# DIY CO2 Injector



## Lil Gashog (Dec 1, 2010)

Can someone reccomend how to make this its for a 10g divided betta tank 5g on each side,I was kinda threw off on the amount of plants i got in a container the first time i bought a wisteria container and only got 2 plants,one wasnt any good,this time i bought another container and got 5 great looking wisteria plants so i have fluorescent lighting but i was wondering oxygen is already in water right?But how do i make a CO2 injector with out spending a lot of money.So who can make the list for this with the least money cost???This is my first planted tank btw.*c/p**c/p**c/p*


----------



## mec102778 (Feb 17, 2011)

2 liter bottle
yeast from the baking section in the local food store
air line tubing (to start recommended to get silicone tubing)
sugar
in line vavle to help control the output of the reactor
then best option for injection in a 10G in a small power head with adjustable flow rate and air tube


----------



## Lil Gashog (Dec 1, 2010)

So,how much do powerheads cost?And can i get them at PetCo,PetSmart,or even Walmart?


----------



## mec102778 (Feb 17, 2011)

Petco has a pretty cheap one, Petsmart has a nice one for 20-30$ (one I use in my second 10G).


----------



## Lil Gashog (Dec 1, 2010)

This may seem stupid but ive never had experience with power heads,you need to plug them in right?And do they like have suctions to stick them on the wall or something?But do i have to plug in he injector?


----------



## mec102778 (Feb 17, 2011)

yup powerheads need to be plugged in and they have suction cups to stick to the glass.

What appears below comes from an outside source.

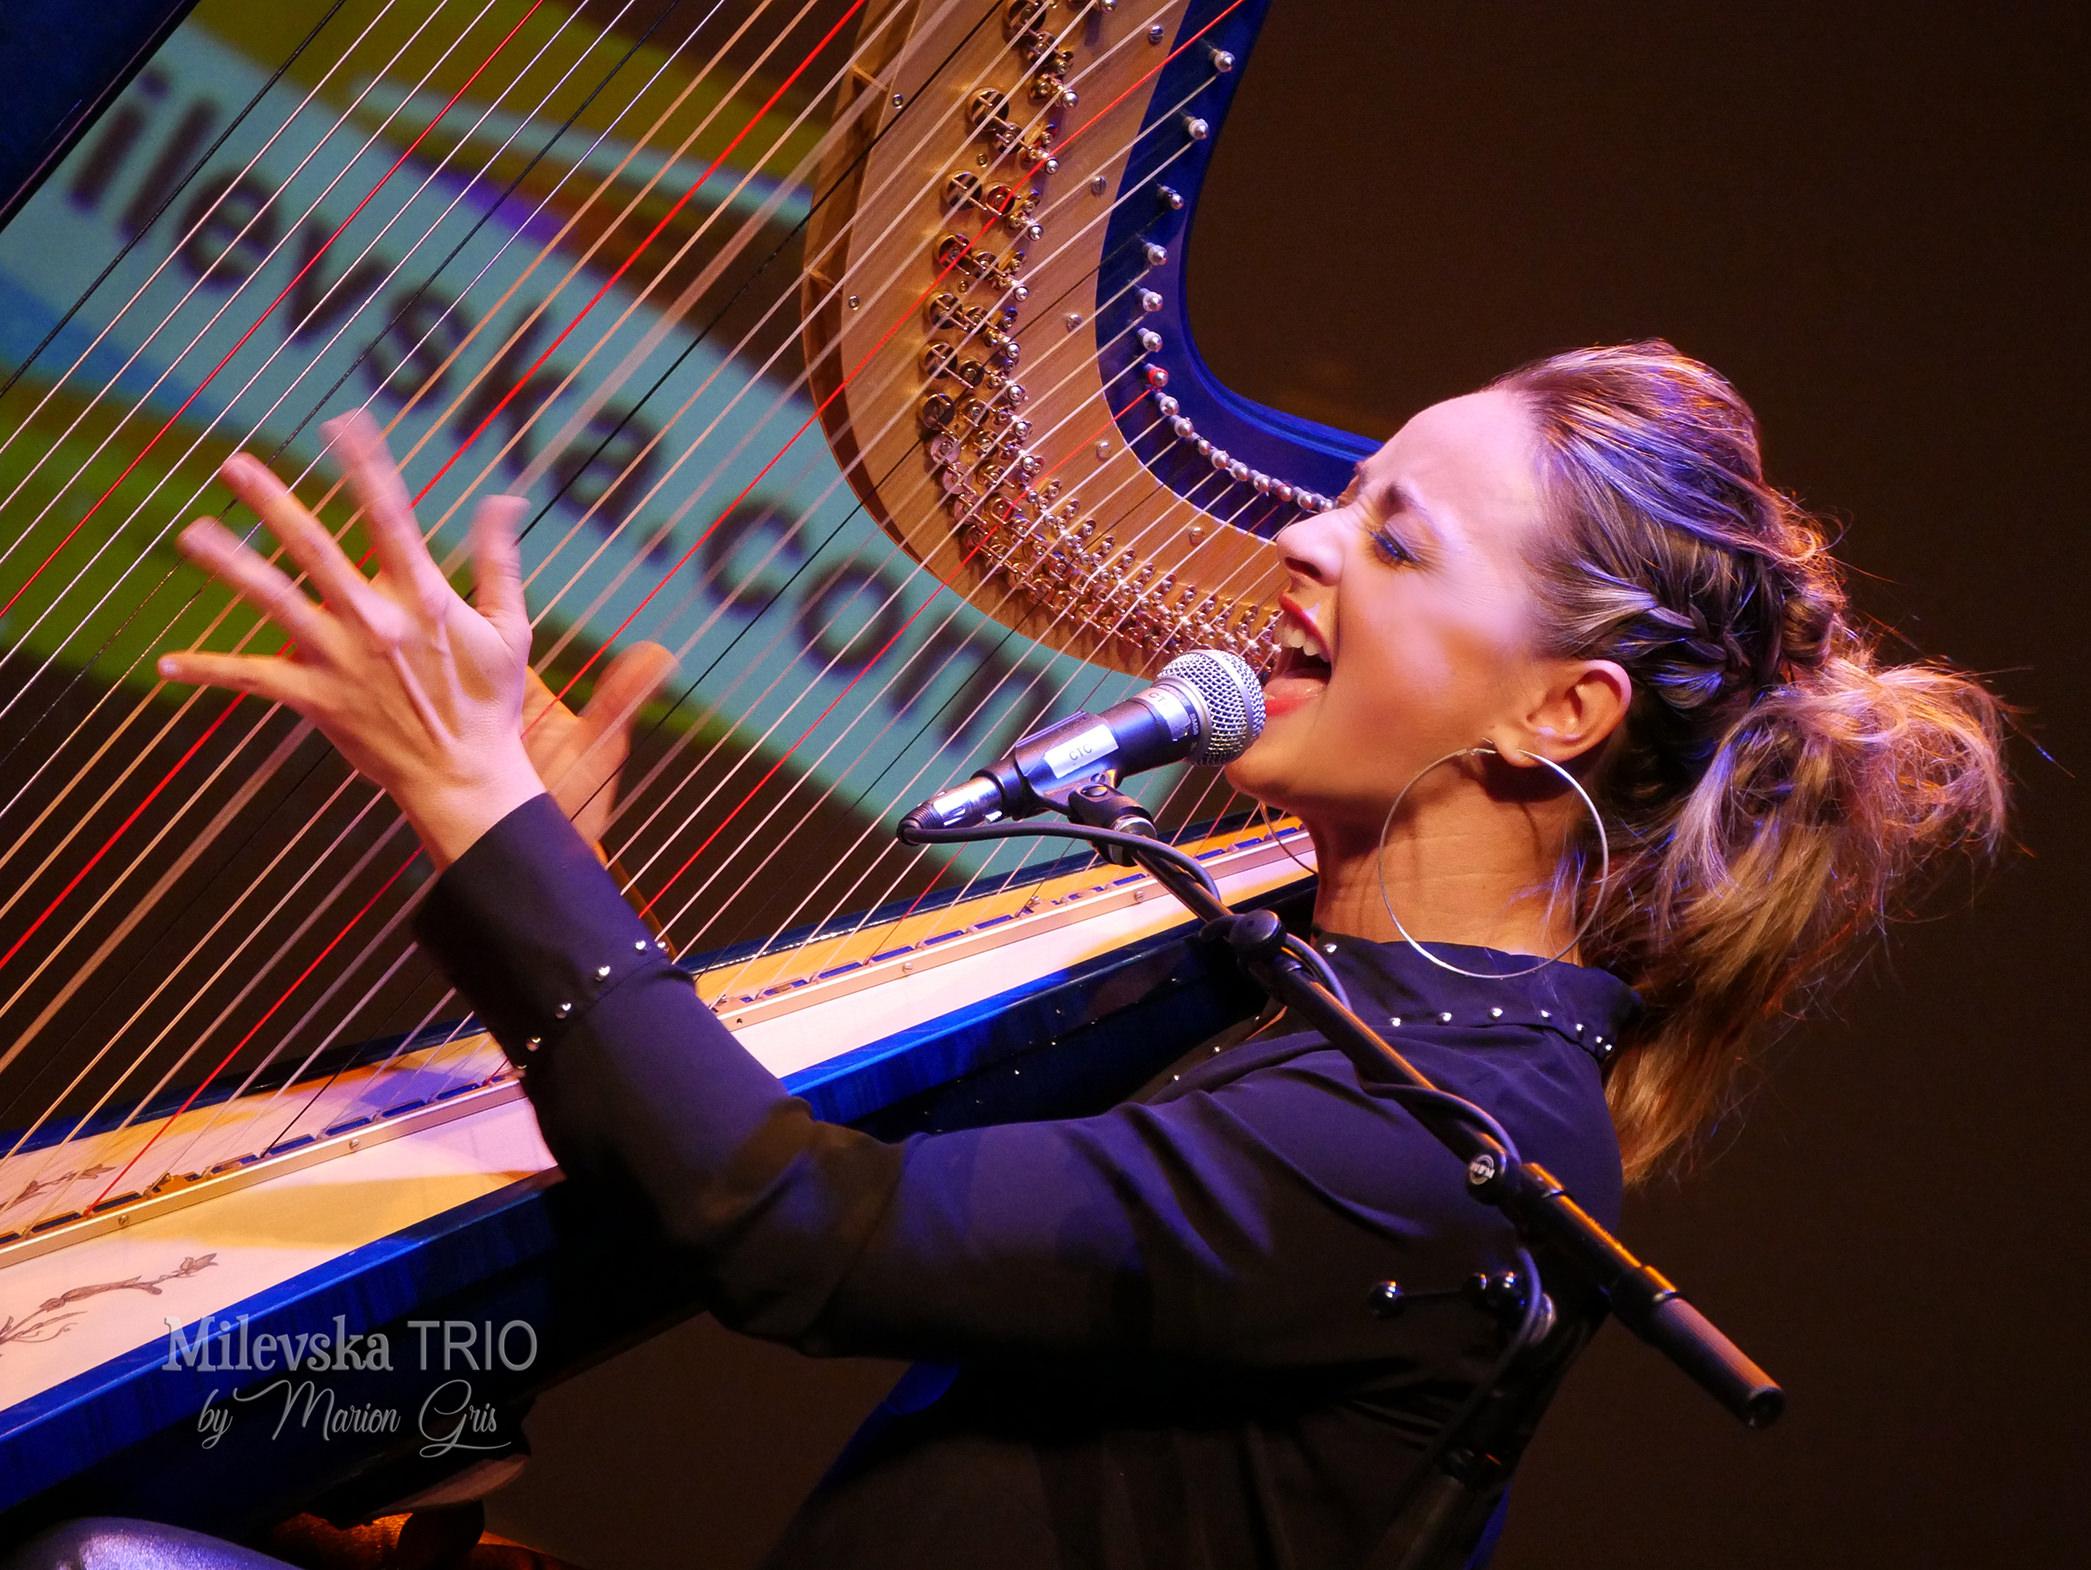 Rossitza Milevska harpiste chanteuse jazz festivals trio

All you will need to do is connect the line from the CO2 reactor to the air in port on the powerhead.

What I got from petsmart was the Aqua Clear Powerhead for 5-20 gallon tanks. It has an adjustable flow rate and an air line for O2 injection which you can connect to the CO2 reactor to inject the CO2.

AquaClear Powerheads and Accessories from Hagen - Water Pumps - Fish - PetSmart


----------



## jrman83 (Jul 9, 2010)

Not recommending against this route, as CO2 will certainly help your plants, but you won't need it so much for the plants you have. Wisteria will grow like a weed in any tank just about.


----------